The likelihood of the US Federal Reserve cutting interest rates soon is fading, as the world's largest economy has just received a series of better-than-expected economic data, along with new comments from policymakers.
Economic growth is steady if not rising, while inflation remains a constant. Meanwhile, central banks remain reluctant to cut interest rates, and few even think they might be willing to raise rates if inflation worsens.
A slew of better-than-expected economic data, along with fresh commentary from policymakers, are suggesting that easing is unlikely in the near term. Traders this week repriced futures contracts on the assumption that interest rates will not be cut in September, and expect only one rate cut later this year.
The market reaction has been less than pleasant. Stocks suffered their worst day of 2024 on May 22, and the Dow Jones Industrial Average snapped a five-week winning streak heading into the Memorial Day holiday.
Over the past week or so, the message has been pretty clear: Economic growth is at least steady, if not accelerating, while inflation is looming as consumers and policymakers remain wary of high living costs.
For example, weekly jobless claims have slowed after hitting their highest level since late August 2023 a few weeks ago, suggesting the pace of layoffs is slowing. Then a survey released this week also showed stronger-than-expected expansion in both the services and manufacturing sectors, and purchasing managers reported stronger inflation.
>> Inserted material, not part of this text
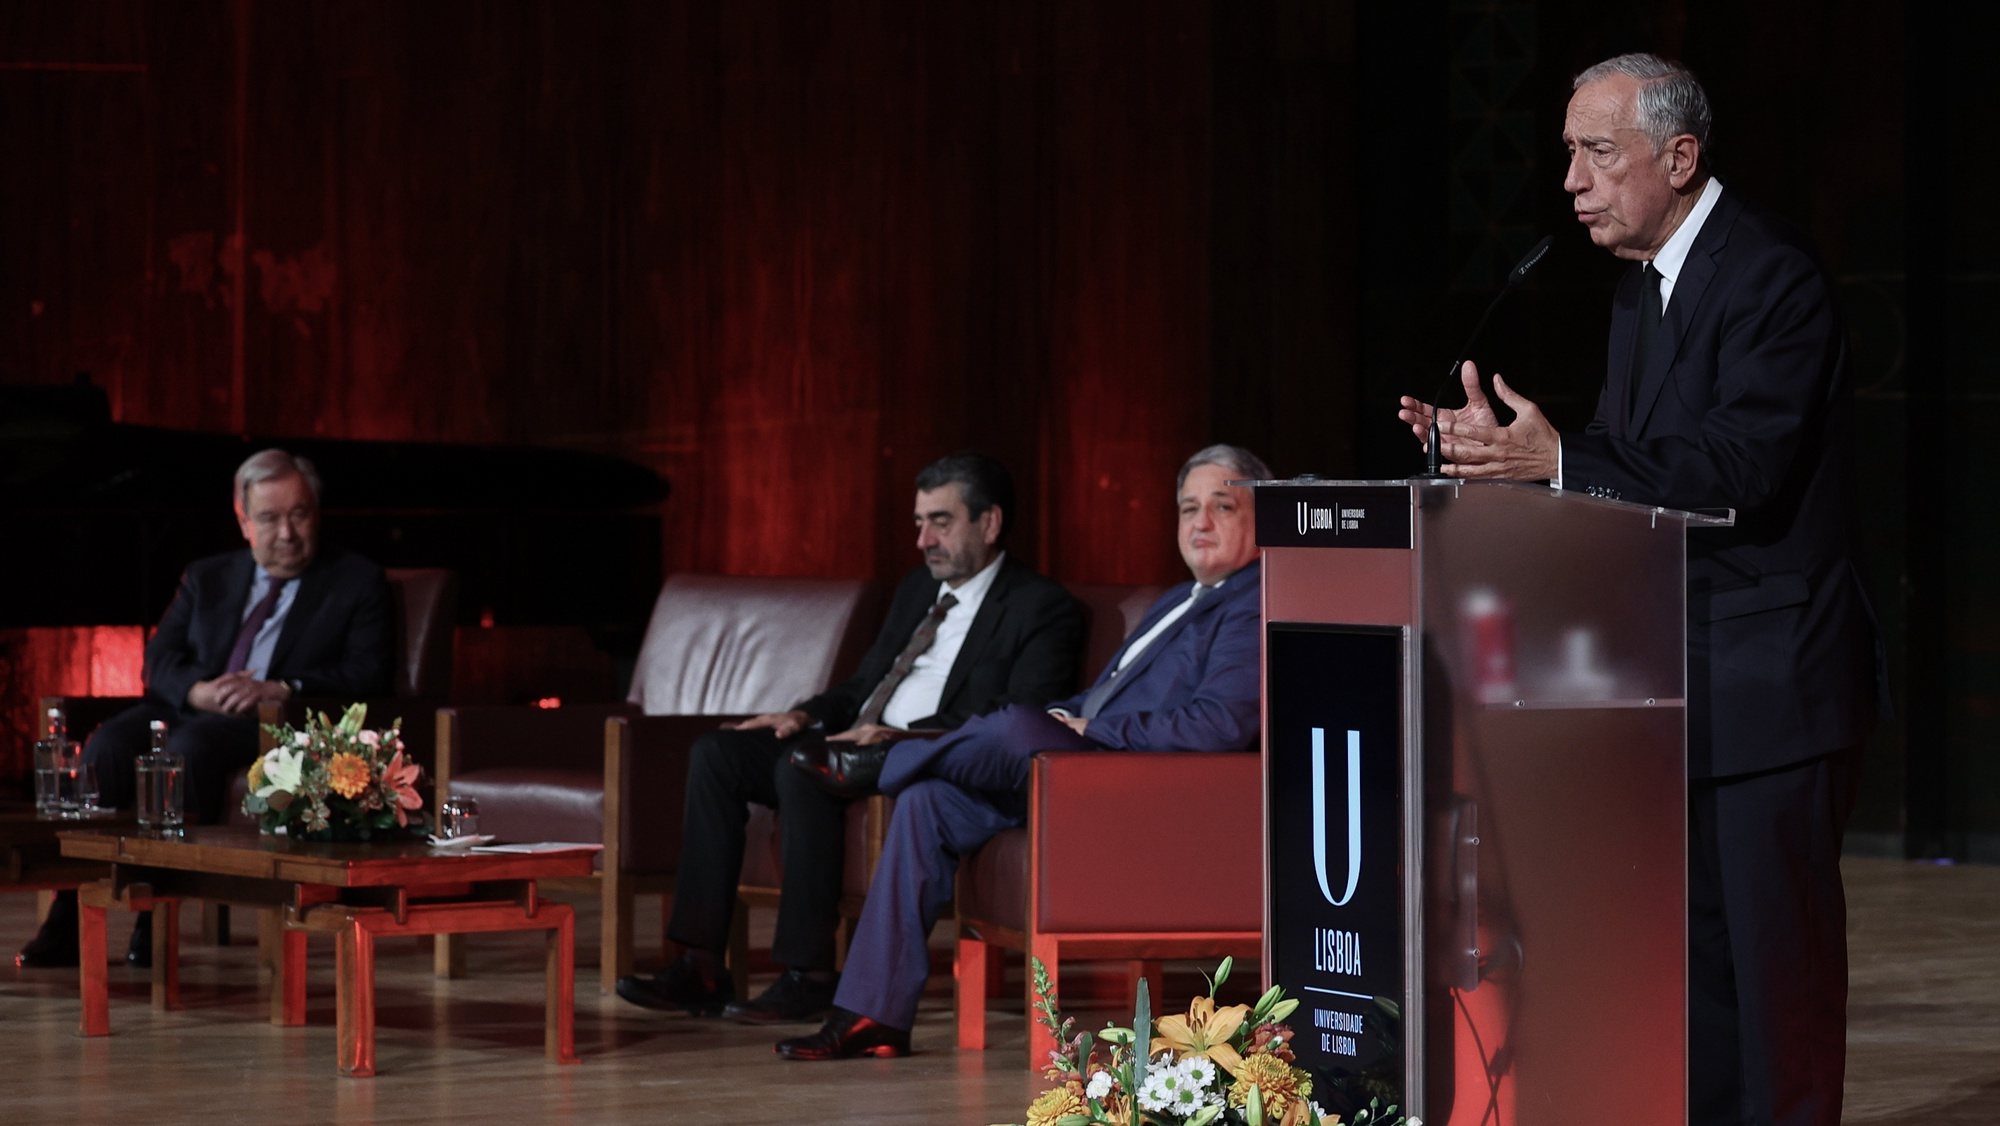 O Presidente da República, Marcelo Rebelo de Sousa, discursa durante a cerimónia de entrega do prémio Universidade de Lisboa 2020 ao secretário-Geral das Nações Unidas, António Guterres (E), em Lisboa, 05 de janeiro de 2023. ANTÓNIO COTRIM/LUSA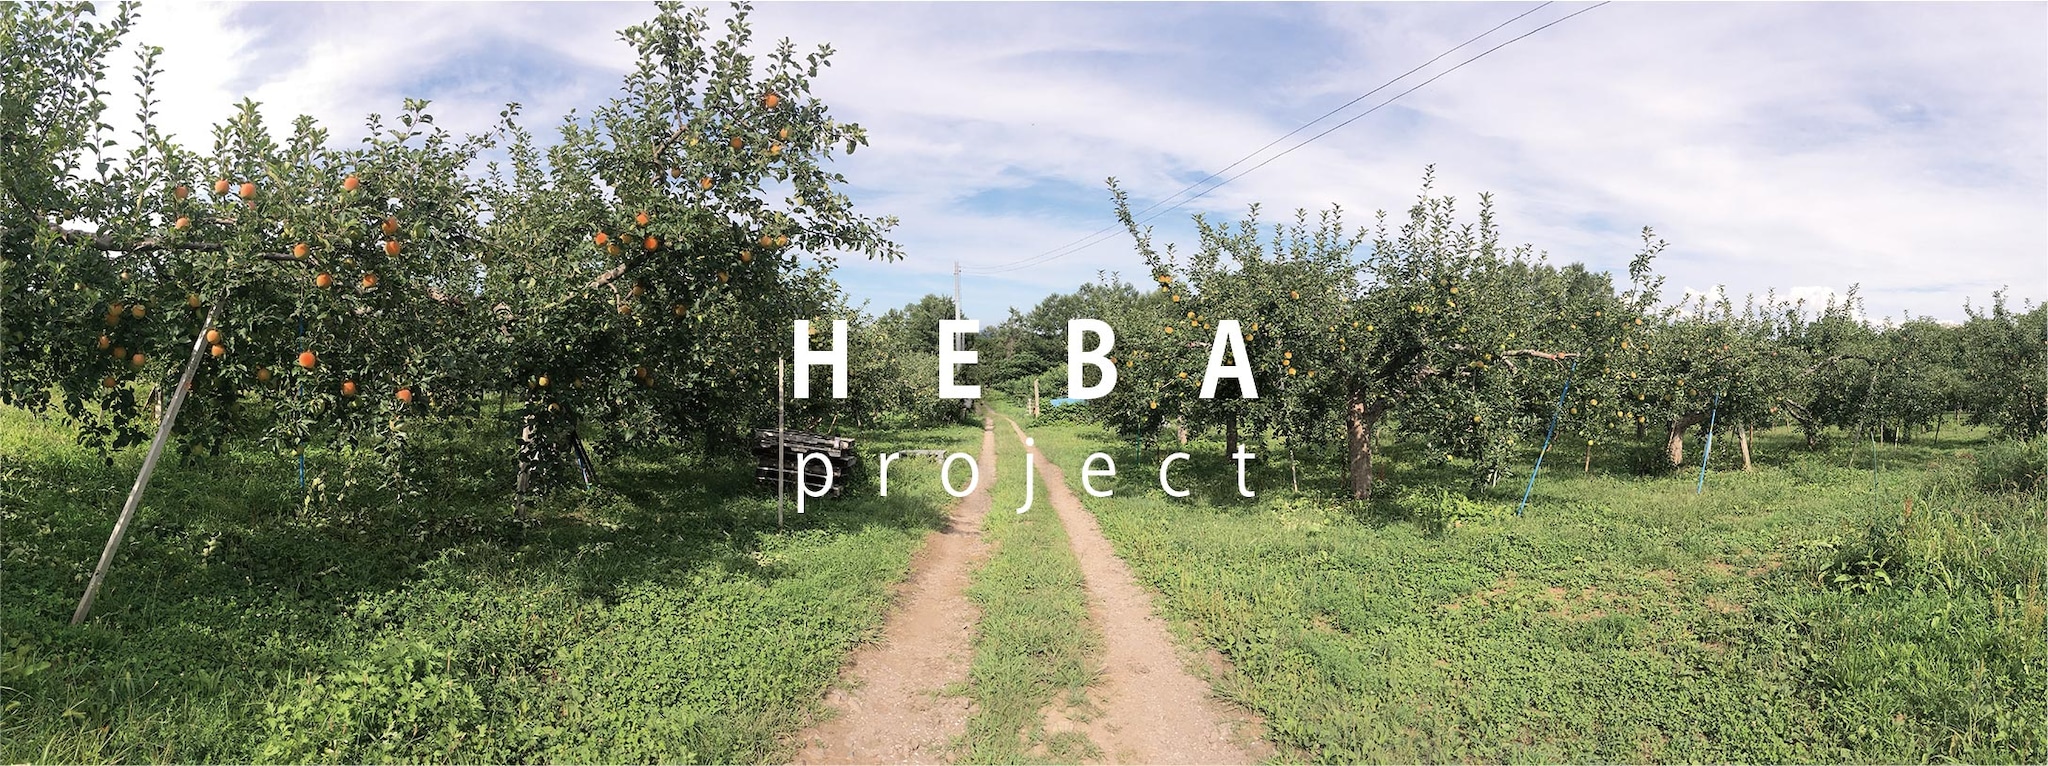 HEBA project

No reason to cut interest rates
The figures came a day after the release of minutes from the Federal Open Market Committee (FOMC)'s most recent meeting, which showed central banks still lack confidence in cutting interest rates. Fed Governor Christopher Waller said earlier this week that he would need data showing inflation had been falling for several months before deciding to cut rates.
Taken together, there is little reason for the Fed to ease policy at this point. “The recent Fed speech and the May FOMC minutes make it clear that given the fact that inflation surprised this year and economic activity remains solid, the likelihood of a rate hike at this point is low,” said Bank of America (BofA) economist Michael Gapen.
“There seems to be a strong consensus that policy is within a narrow range and therefore no further rate hikes are needed,” the expert added. BofA believes the Fed could wait until December to start cutting rates.
Some participants at the most recent FOMC meeting even wondered whether “higher interest rates would have a smaller impact than in the past,” the minutes said.
Data to be released soon
Economists like Mr. Gapen and others on Wall Street will be closely watching the data coming out next week, when the Commerce Department releases its monthly report on personal income and spending, which will include the Personal Consumption Expenditures Price Index (PCE), the Fed’s top inflation measure.
The unofficial consensus is for a monthly increase of 0.2% to 0.3%, but even that relatively muted increase may not give the Fed much confidence to cut. At that pace, annual inflation would likely be just 3%, or still well above the Fed’s 2% target.
“If our forecast is correct, year-over-year inflation will fall only a few basis points to 2.75%, with little sign of inflation retreating to the Fed’s target,” Gapen said.
If at the beginning of this year, traders predicted that the Fed would have at least six interest rate cuts, then through the re-pricing in the session on May 24, they showed their expectation that there is a 60% chance that the US institution will only adjust interest rates once this year.
The Fed's benchmark federal funds rate has been at 5.25-5.50% since last July.
“We continue to view rate cuts as optional, which reduces the urgency,” said Goldman Sachs economist David Mericle. “While the Fed leadership appears to share our view of the inflation outlook and may be open to cutting, some FOMC members appear more concerned about inflation and are reluctant.”